Increased retinoic acid signaling decreases lung metastasis in salivary adenoid cystic carcinoma by inhibiting the noncanonical Notch1 pathway

Abstract

MYB-NFIB fusion and NOTCH1 mutation are common hallmark genetic events in salivary gland adenoid cystic carcinoma (SACC). However, abnormal expression of MYB and NOTCH1 is also observed in patients without MYB-NFIB fusion and NOTCH1 mutation. Here, we explore in-depth the molecular mechanisms of lung metastasis through single-cell RNA sequencing (scRNA-seq) and exome target capture sequencing in two SACC patients without MYB-NFIB fusion and NOTCH1 mutation. Twenty-five types of cells in primary and metastatic tissues were identified via Seurat clustering and categorized into four main stages ranging from near-normal to cancer-based on the abundance of each cell cluster in normal tissue. In this context, we identified the Notch signaling pathway enrichment in almost all cancer cells; RNA velocity, trajectory, and sub-clustering analyses were performed to deeply investigate cancer progenitor-like cell clusters in primary tumor-associated lung metastases, and signature genes of progenitor-like cells were enriched in the "MYC_TARGETS_V2" gene set. In vitro, we detected the NICD1-MYB-MYC complex by co-immunoprecipitation (Co-IP) and incidentally identified retinoic acid (RA) as an endogenous antagonist of genes in the "MYC_TARGETS_V2" gene set. Following this, we confirmed that all-trans retinoic acid (ATRA) suppresses the lung metastasis of SACC by correcting erroneous cell differentiation mainly caused by aberrant NOTCH1 or MYB expression. Bioinformatic, RNA-seq, and immunohistochemical (IHC) analyses of primary tissues and metastatic lung tissues from patients with SACC suggested that RA system insufficiency partially promotes lung metastasis. These findings imply the value of the RA system in diagnosis and treatment.

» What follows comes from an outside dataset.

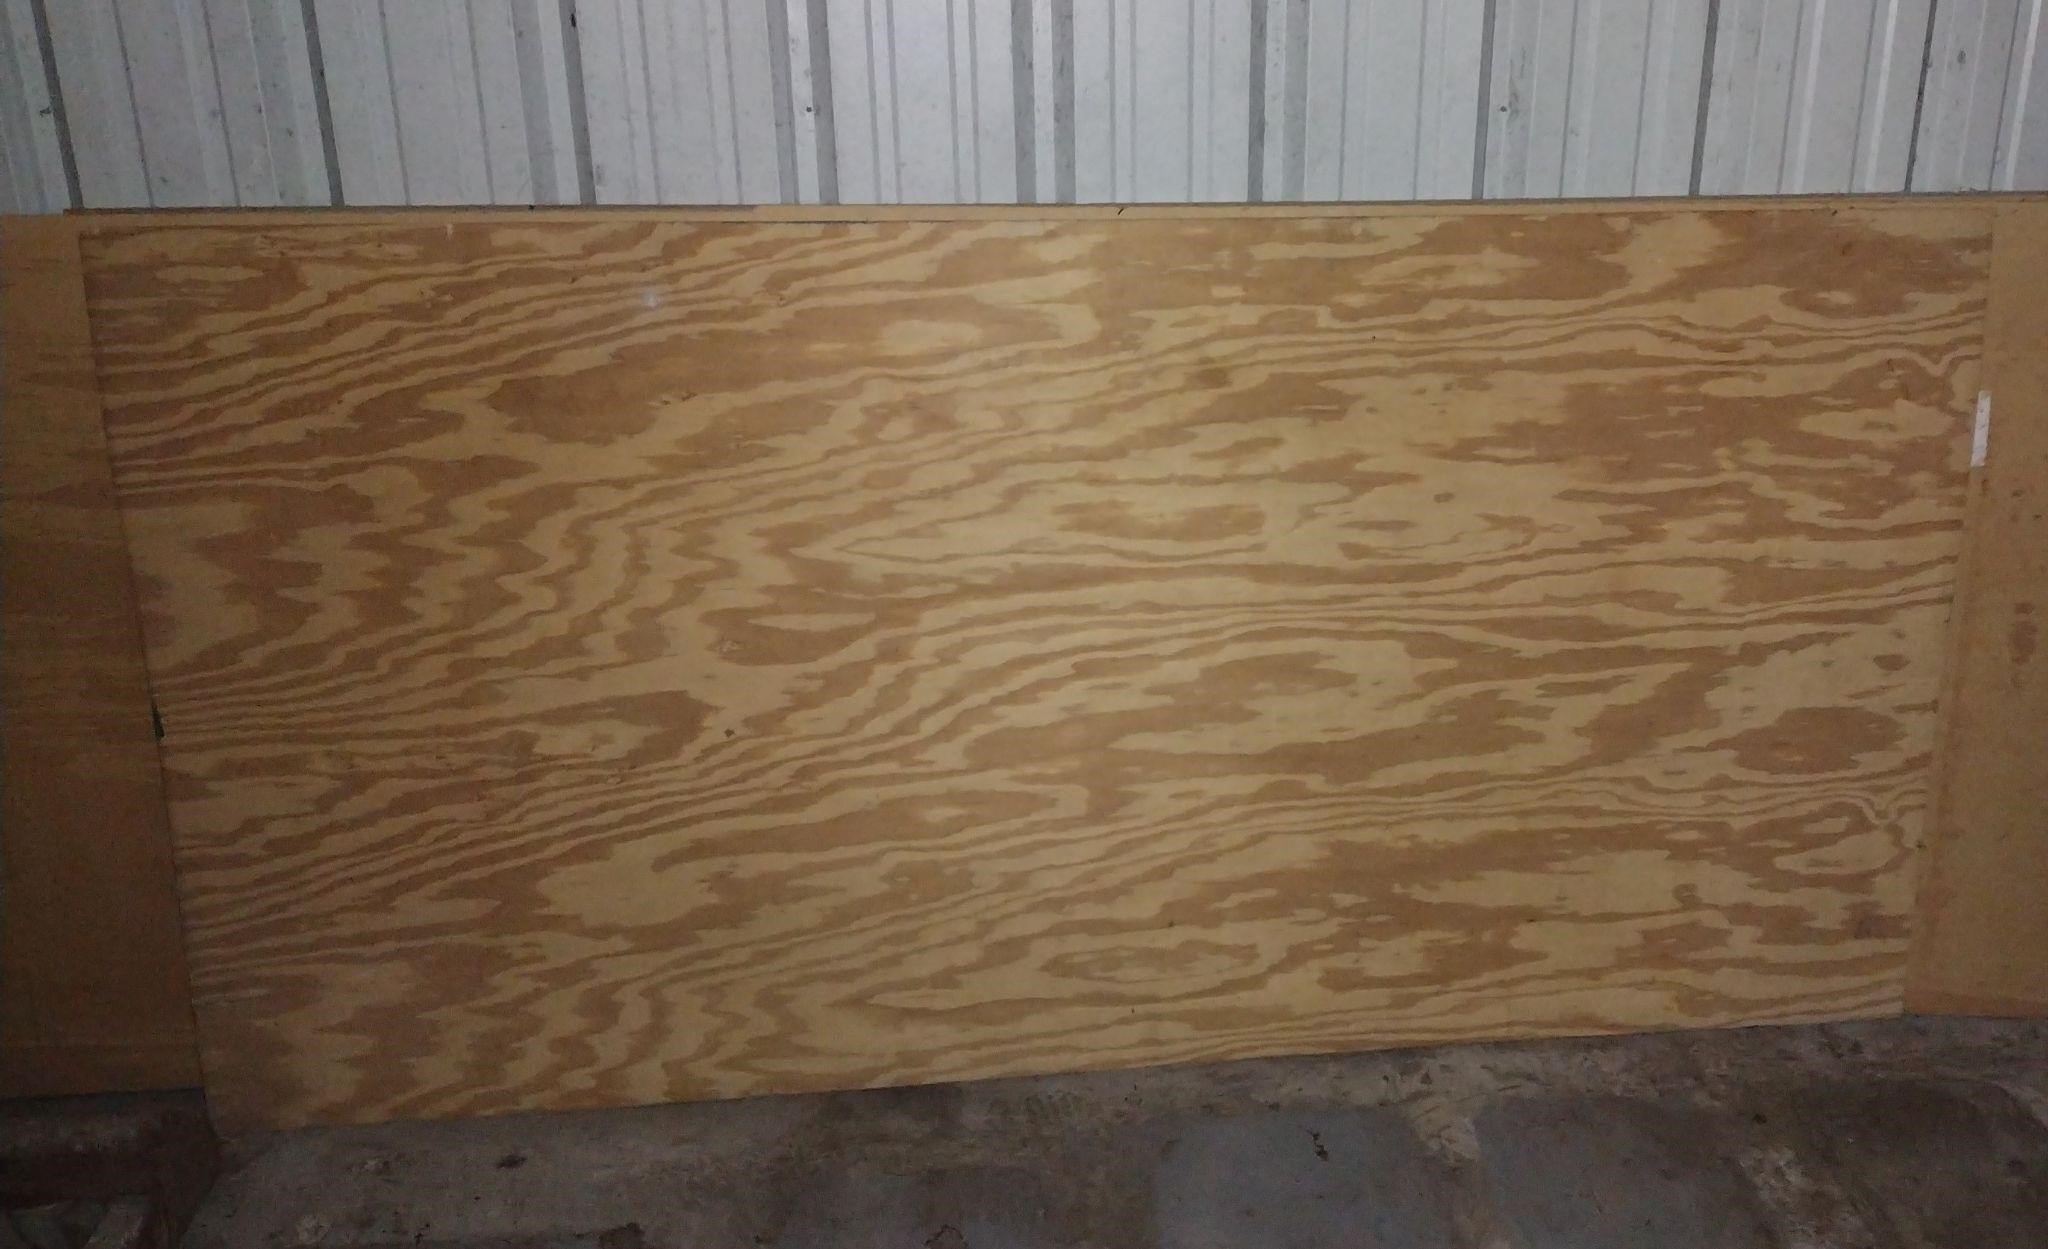 1 Piece Plywood 1/4" and 4 x 8 Foot!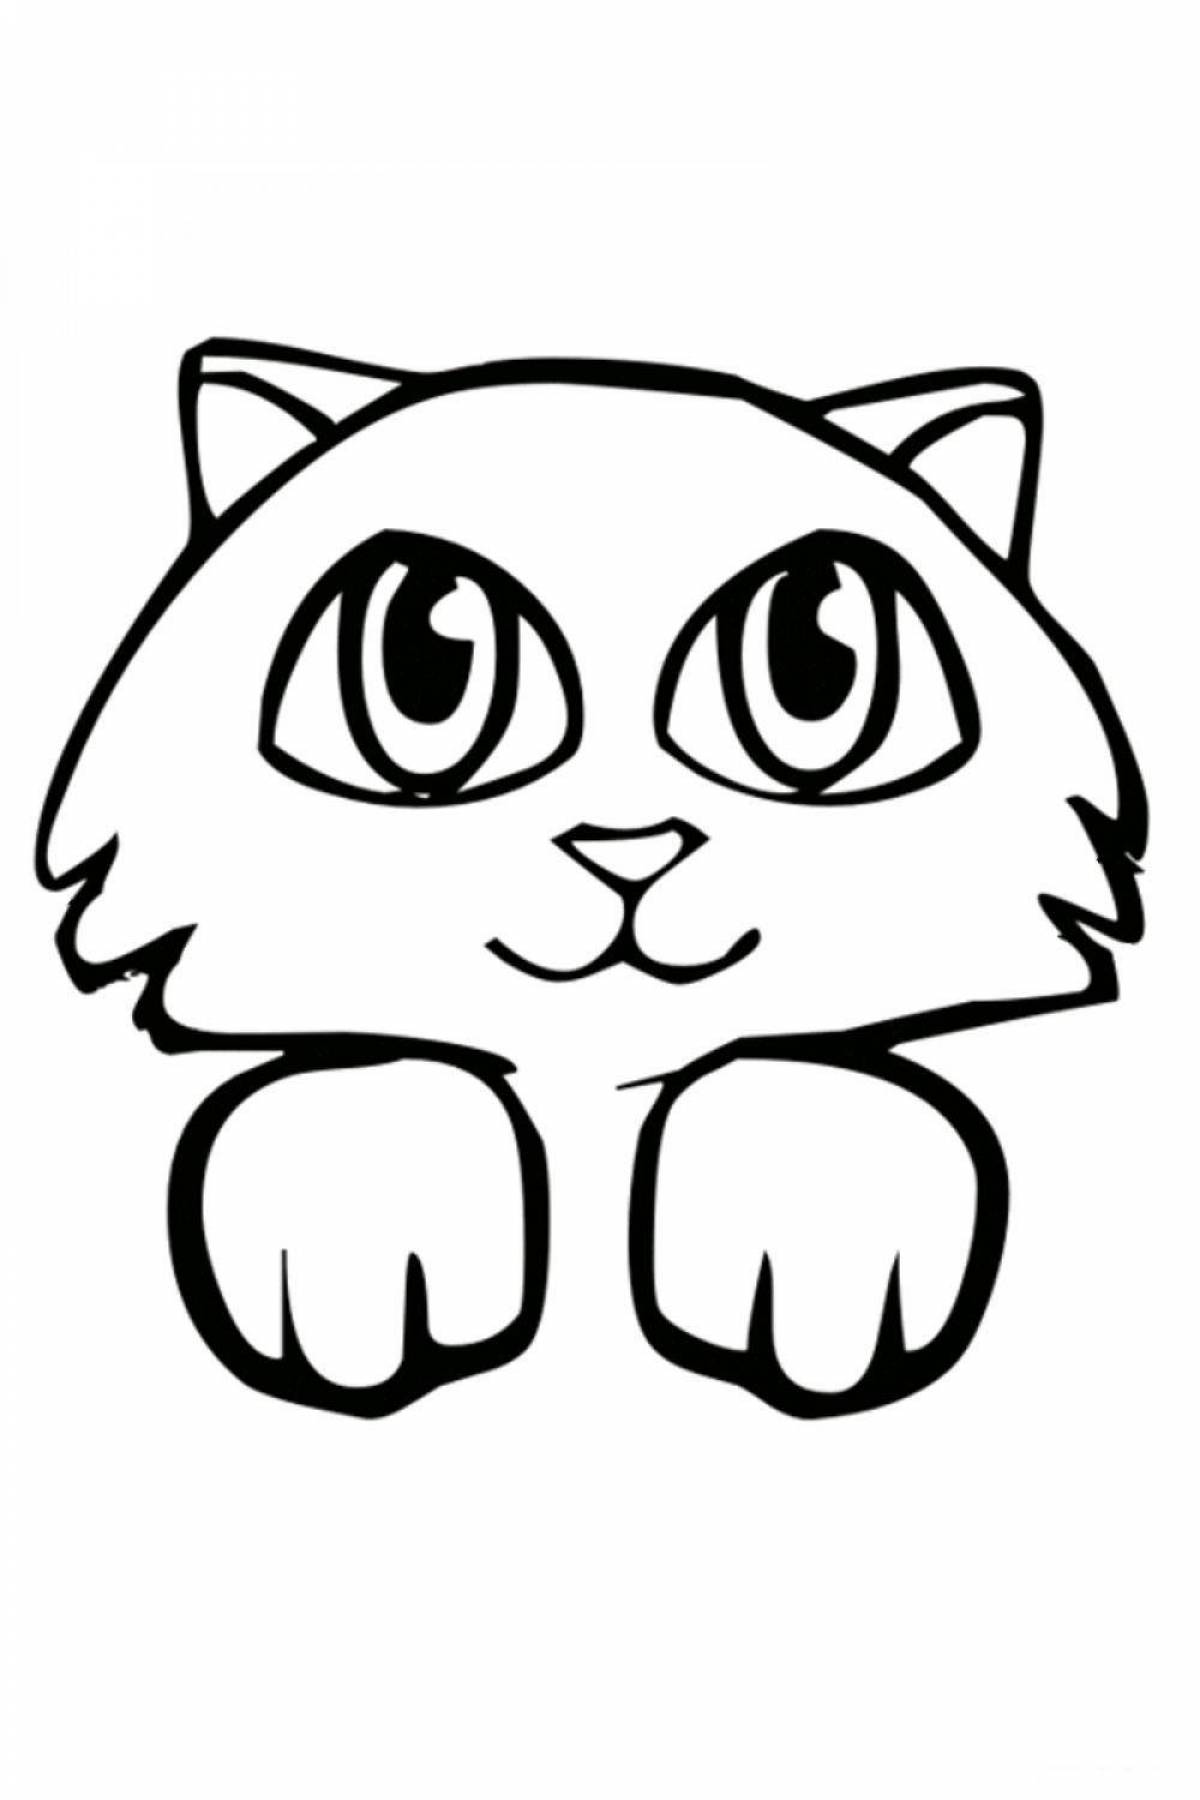 Snuggie kitten coloring page

Fig. 1. Cancer cell type definition and GO enrichment analysis based on scRNA-seq data.

a Images of HE staining show a primary SACC lesion (A) and lung metastases in the right middle lobe (B1) and the right lower lobe (A1 and C1) at 12.5× and 100× magnification. b t-SNE plots of six sample types (left) and all cells (right) led to the identification of 25 cell clusters based on cellular identity, and all cell types are defined by known marker genes (see Supplementary Table 2). c The statistical plots show the normal tissue occupancy for each cell type (see the formula in the Results) in the primary lesion (left) and metastases (right). These data were used to divide the cells into four stages: near-normal (>80%), transition 1 (50–75%), transition 2 (15–40%), and cancer (<14%). d The bubble plot indicates the number of cancer-stage cells (cells in clusters 0, 1, 2, 3, and 10) in the six samples. e The Venn diagram shows the predominant DEGs in the cancer-stage cell clusters (clusters 0, 1, 2, 3, and 10) and the shared enriched GO term: the Notch signaling pathway.

Fig. 2. Characterizing metastasis-associated clusters or cancer stem cells.

a The dot plot shows marker genes likely related to SACC stemness and metastasis, as reported in the literature, that were enriched predominantly in cluster 10. b The t-SNE visualization of novel subtypes in cluster 10 shows the distribution in samples (left) and four novel subsets (right). c Violin plots of signature genes, including the top 12 marker genes, as well as MYB, MYBL1, MYBL2, and NOTCH1 in all the subtypes from cluster 10. d GO analysis of all subtypes; subtype 3, which is enriched in genes related to the antiapoptotic pathway, is highlighted. e RNA velocity analysis of all cells and all subtypes by Velocyto soft. The arrow in the plot indicates the direction of differentiation, and the length of the arrow indicates the speed of differentiation (a longer arrow indicates a faster speed). f PPI analysis showing the known interactions, MYB/MYBL2, NOTCH1, and the top eight marker genes.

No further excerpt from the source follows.